Otele vardığımızda odamıza geçtik ve direkt hazırlanmaya başladık. Bir yandan da sohbet ediyorduk."

"Aşkın, biliyorum kötü bir mentalitedesin ve ben şu an bir eğlenceye gideceğim için de özür dilerim, yani seni de yanımda sürüklüyorum ama senin acının dinmediğini biliyorum. Ne yapmam gerektiğini de bilmiyorum. Öncelikle bunun için özür dilerim."

"Özür dileme, hiçbir şey senin suçun değil-"

"Aşkın, bana bir söz ver..." ellerini tutup gözlerinin içine baktım.

"Ne sözü?"

"Ne olursa olsun, isterse kıyametler kopsun ama sen bundan sonra pes etmeyeceksin, her maça çıkacaksın. Çünkü seni sadece sahada bana baktığın kadar mutlu görebiliyorum. Gözlerinin içi gülüyor resmen."

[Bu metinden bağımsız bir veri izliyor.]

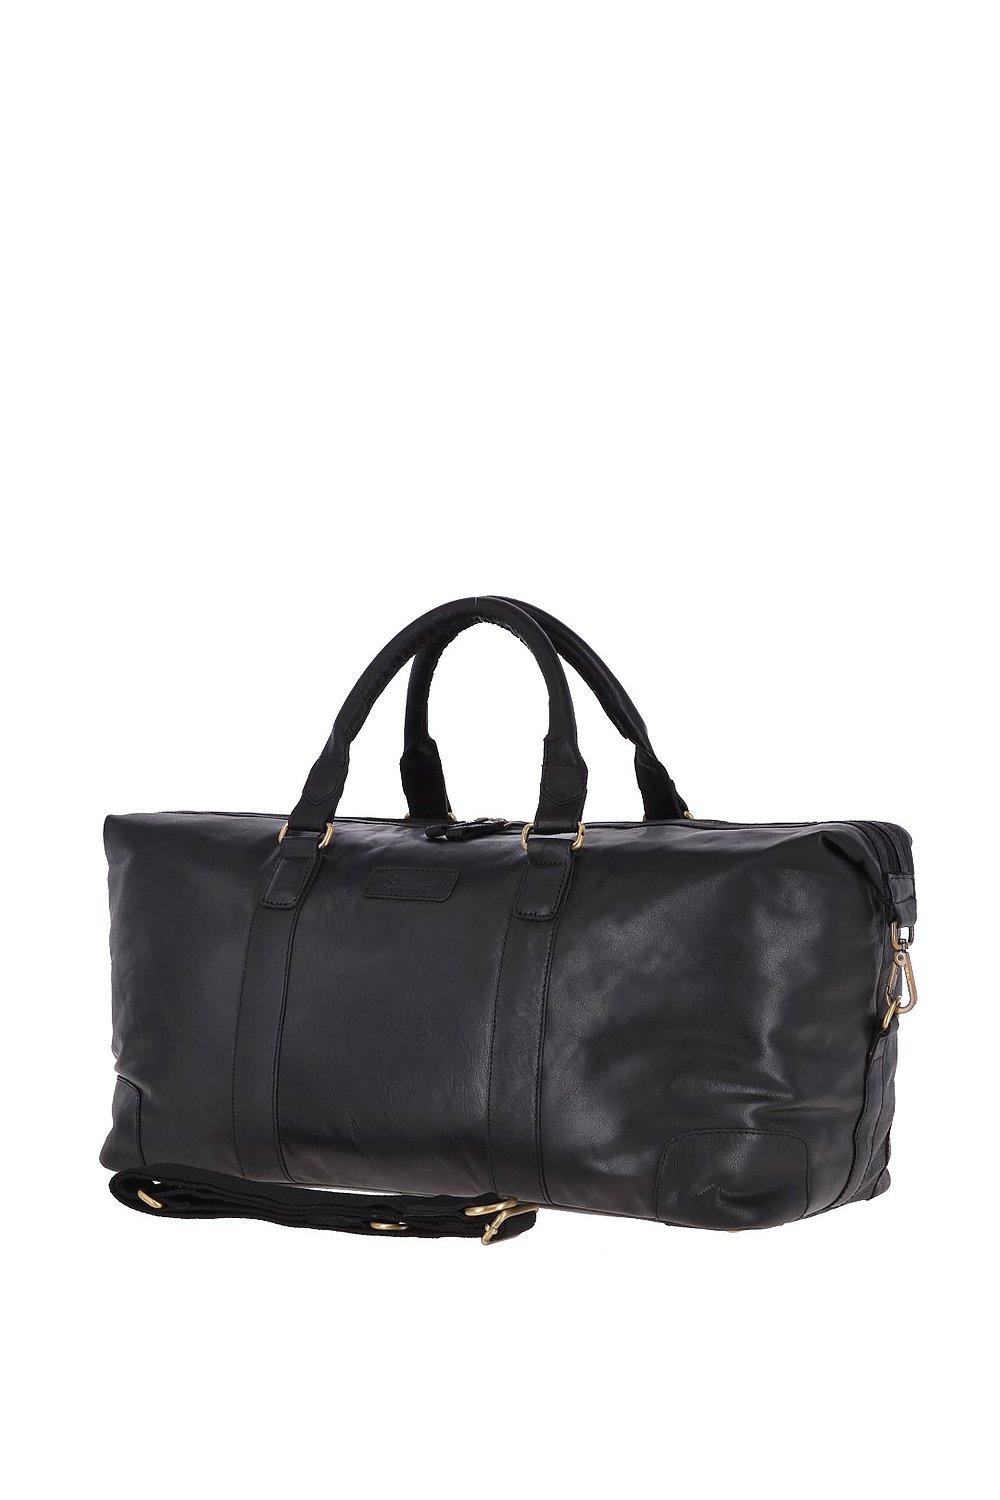 Большая винтажная дорожная сумка из натуральной кожи Ashwood Leather, черный сумка планшет повседневная натуральная кожа вмещает а4 внутренний карман регулируемый ремень черный

"Ya çok kötü bir şey olur da gidemezsem, sözümü tutamazsam?"

"Hayır, öyle bir şey olmayacak ve sen her maça katılacaksın. Kadroya katılmaman söz konusu bile olamaz. Söz ver bana." uzun bir süre duraksadı, düşündü.

"Söz, nefesimin yettiği kadar her maça katılacağım. Hatta yetmezse de katılacağım, sana söz veriyorum."

"Benim görmek istediğim Barlaaaas Aşkııın Akyol bu işte! Sahalarda doksan dakika resital yaşatan, futbolu yaşayan ve seyircilerin iliklerine kadar işleyen adam!" spikeri taklit ederken Aşkın bu halime gülüyordu. Ben de bir yandan onun gömleğinin yakasını düzeltiyordum.

"Ben aslında sevilen biri olmaktan çok memnun ve mutluyum çünkü bu benim hayalimdi, ama sen beni sevdikten sonra bu sevginin bile bambaşka bir boyutu varmış dedim. Senin sevgin çok başka ya." bana sarıldığında göğsüne yaslandım. Bu adamın kokusu beni iyi hissettirmek için yaratılmıştı.

"Ben de seni çok seviyorum." onu öptükten sonra birbirimizden ayrıldık, ellerimiz hâlâ birbirini tutuyordu.

"Hadi gidelim." Aşkın elimin tekini bırakıp tekini tutarken gülen gözlerle odadan çıktık.

Gideceğimiz kuaföre sahil yolundan gideceğimiz için ve hava da ışıl ışıl bir gün batımı güneşi olduğu için Aşkın arabanın üzerini açmıştı. Bu adam beni tanıyordu.

"İyi dinle duyarsın sesimi uzaklardan

Dinle en kuytu acılardan

Kalbinde yoruldunsa yolculuklardan

Vazgeç artık yıldızlardan..."

Bir yandan şarkı mırıldanıp diğer yandan ayağa kalkmıştım. Rüzgarın saçlarımı karıştırmasını istedim. Islanmayacağız diye yağmurda kalmazsak, saçlarımız dolaşır diye rüzgara kapılmazsak, acır diye yanmazsak ne için var bu hayat?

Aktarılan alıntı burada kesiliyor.